Your instructions
Pictures in the listing do not belong in the copy, which should repeat exactly the lines from the one holding "NEW 2021 Chevrolet" through the last line.

Source material
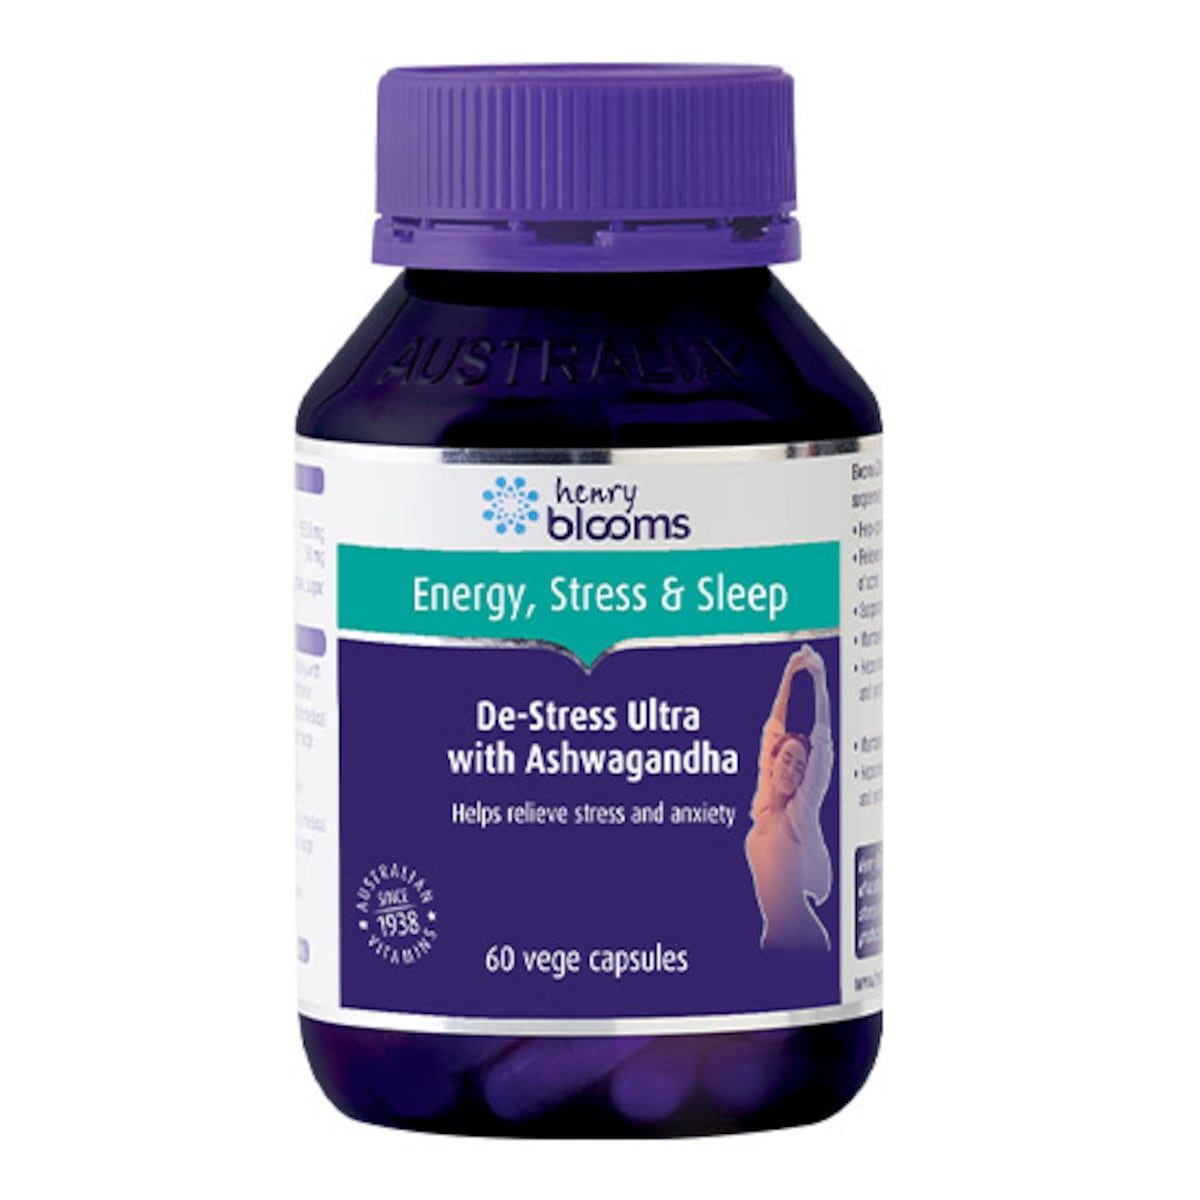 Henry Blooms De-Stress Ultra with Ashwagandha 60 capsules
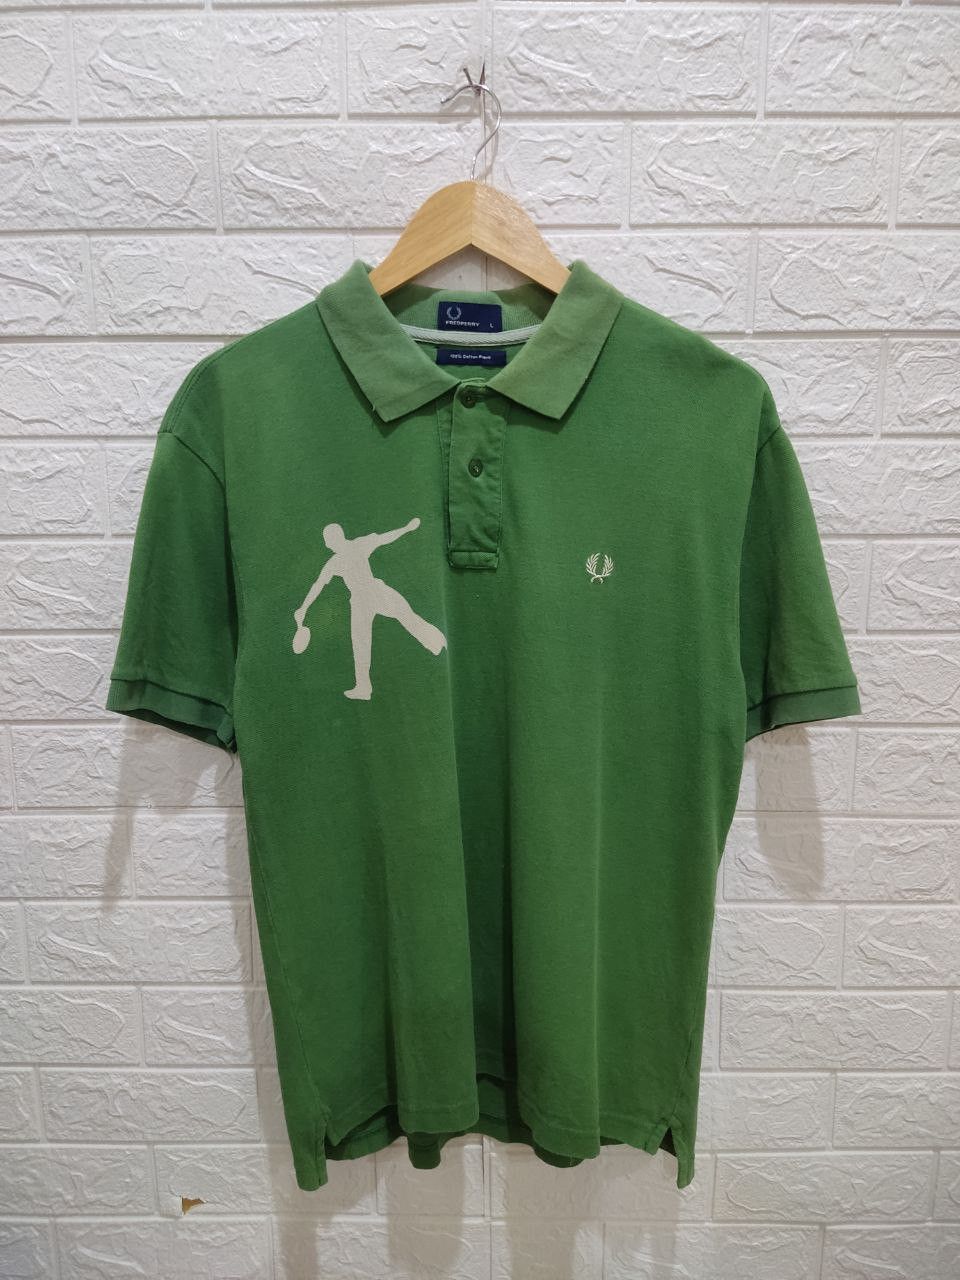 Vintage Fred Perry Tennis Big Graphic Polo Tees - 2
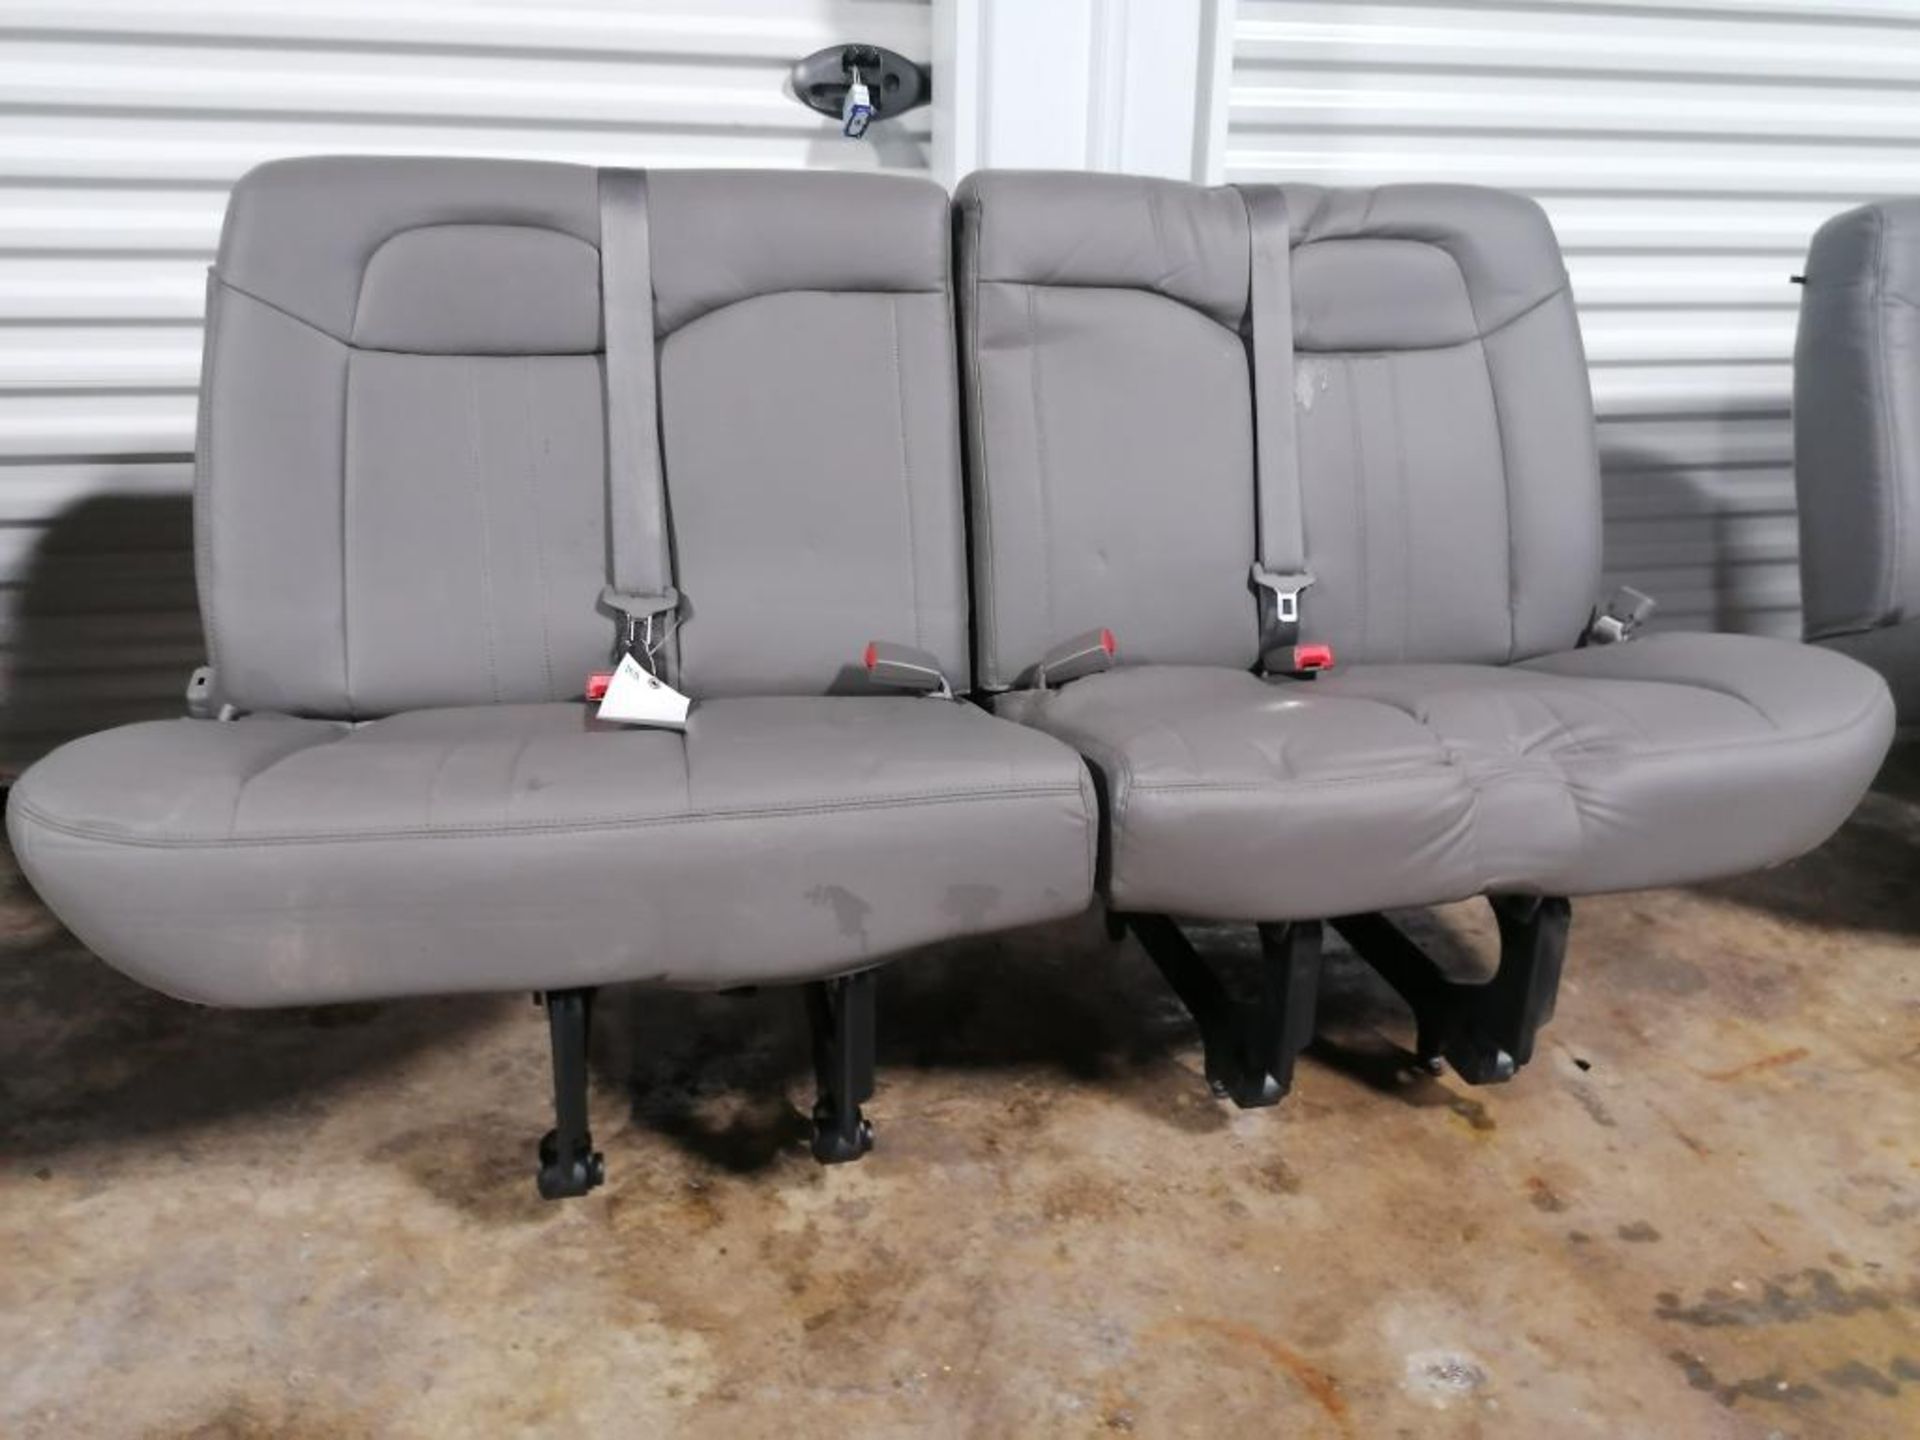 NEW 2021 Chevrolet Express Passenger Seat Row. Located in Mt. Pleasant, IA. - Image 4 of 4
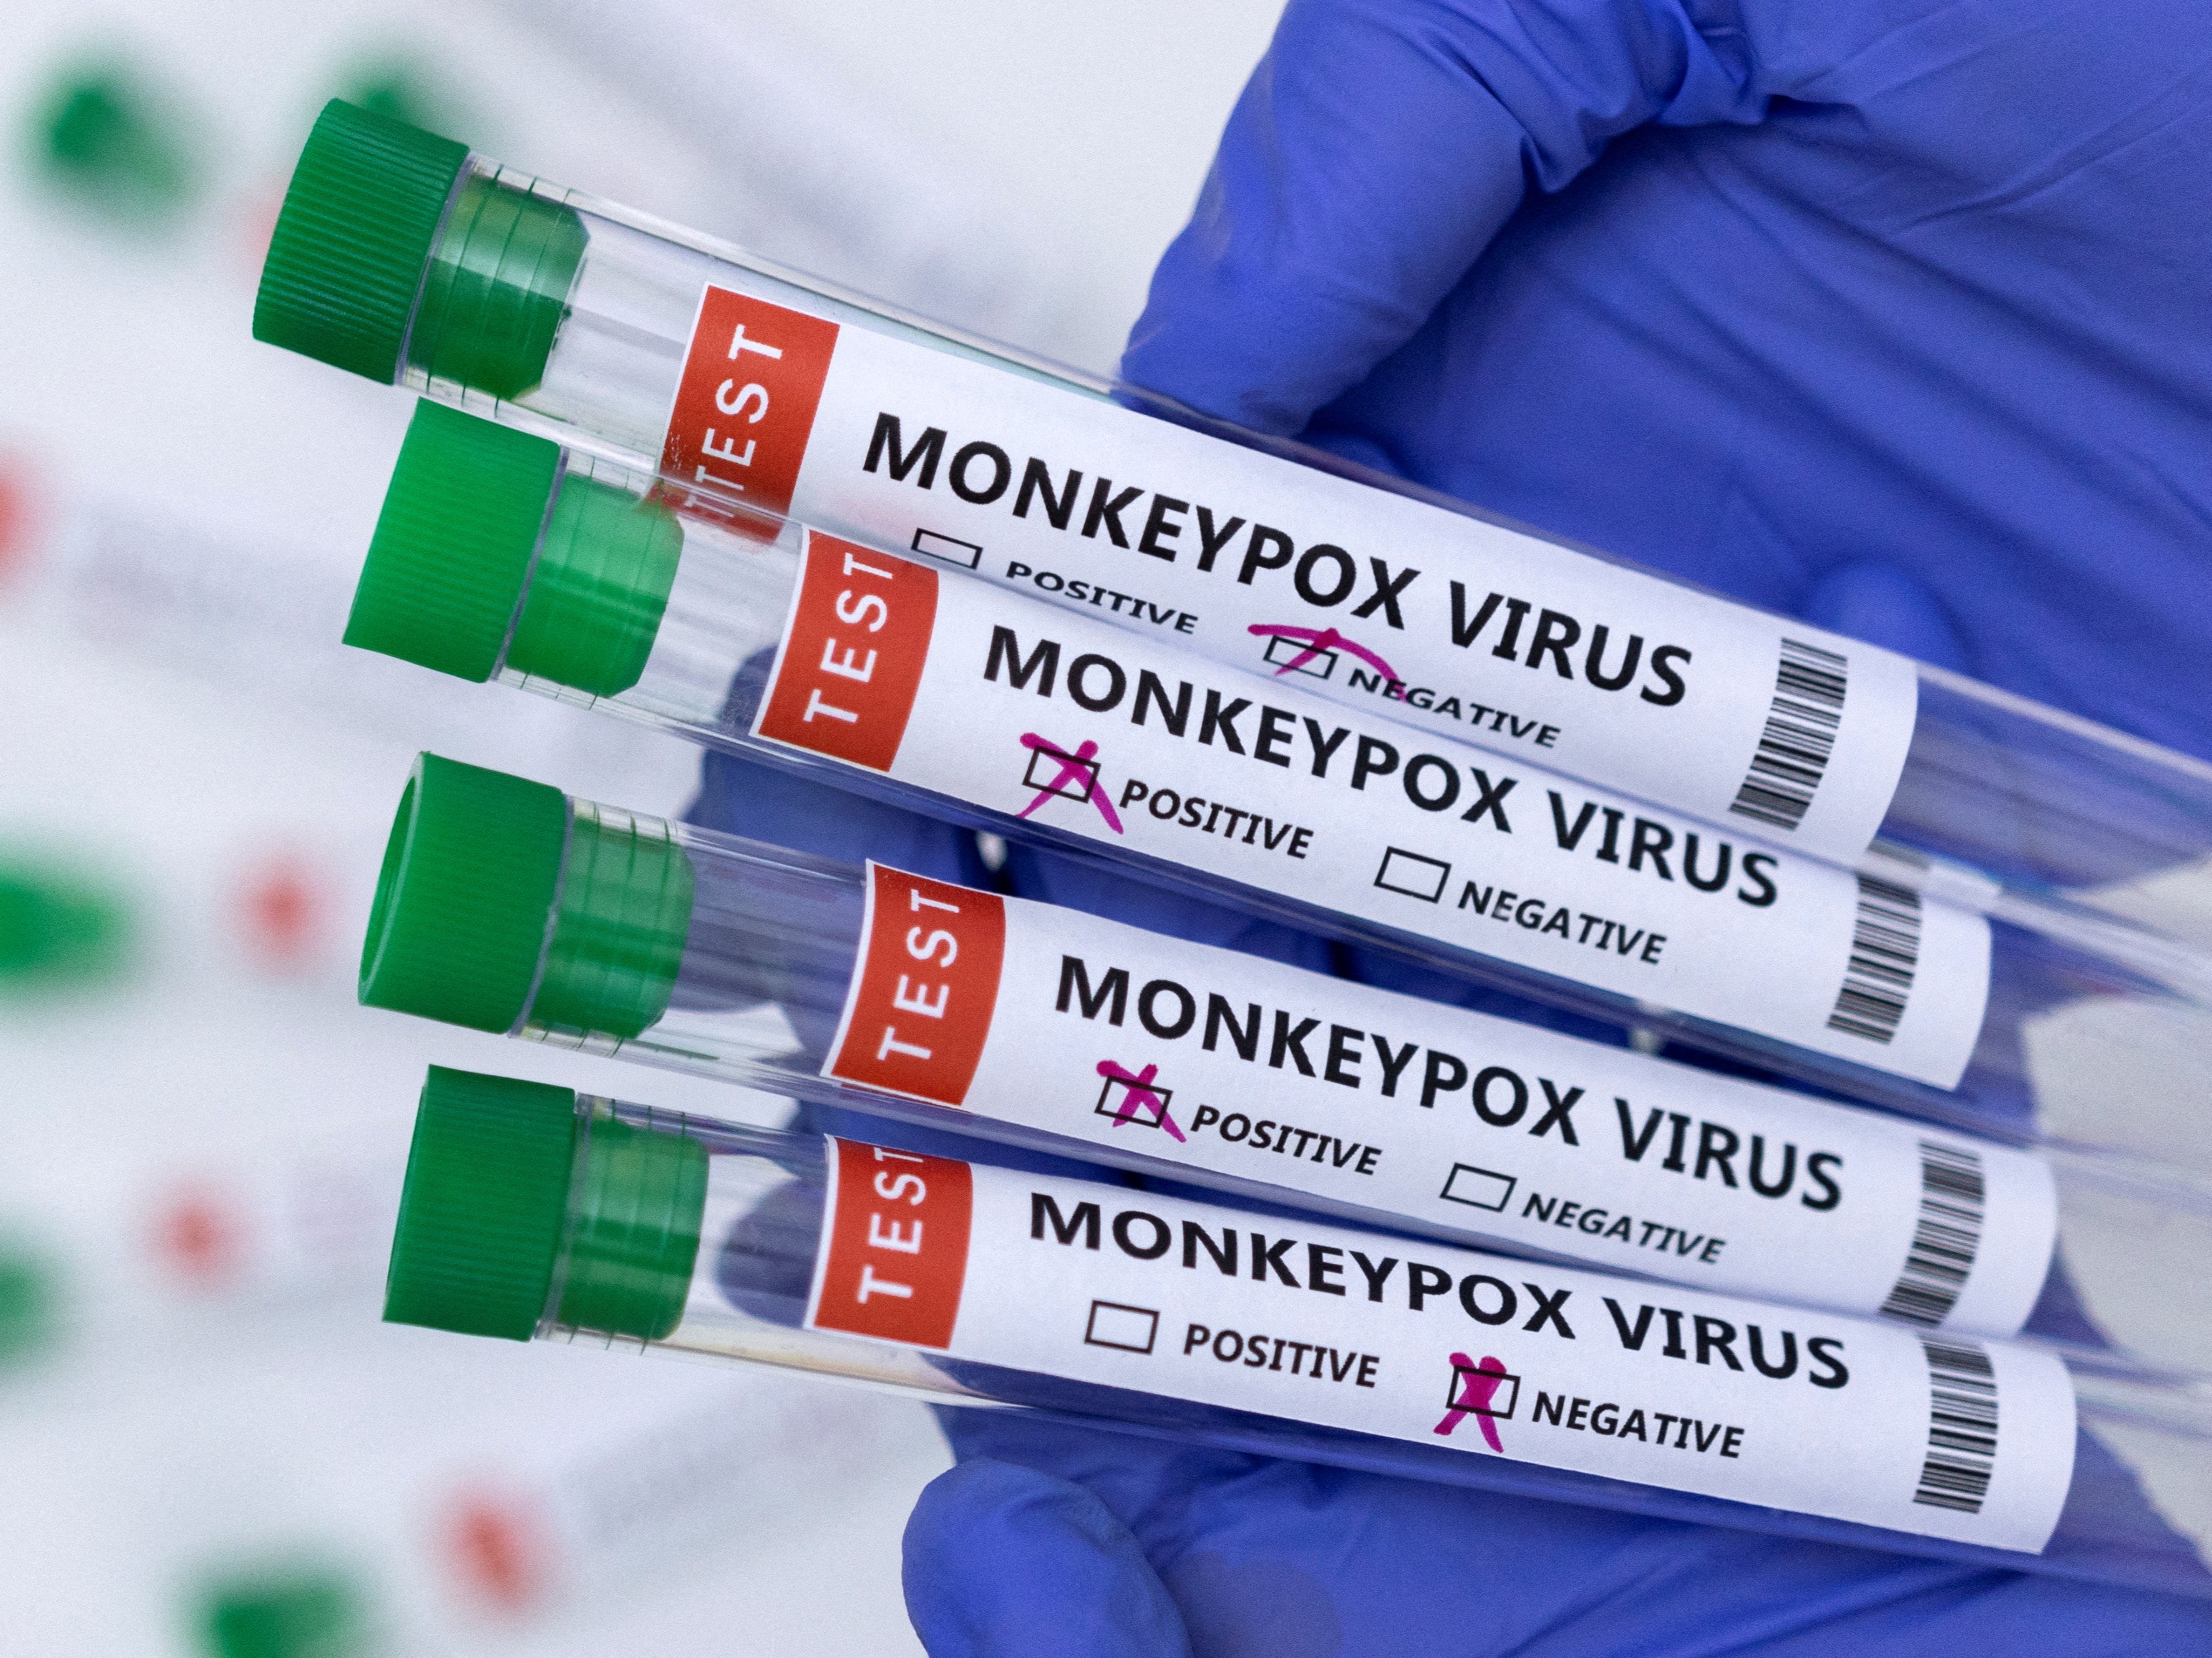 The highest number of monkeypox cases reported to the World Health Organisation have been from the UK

Answer below
 NEW 2021 Chevrolet Express Passenger Seat Row. Located in Mt. Pleasant, IA. - Image 4 of 4
 The highest number of monkeypox cases reported to the World Health Organisation have been from the UK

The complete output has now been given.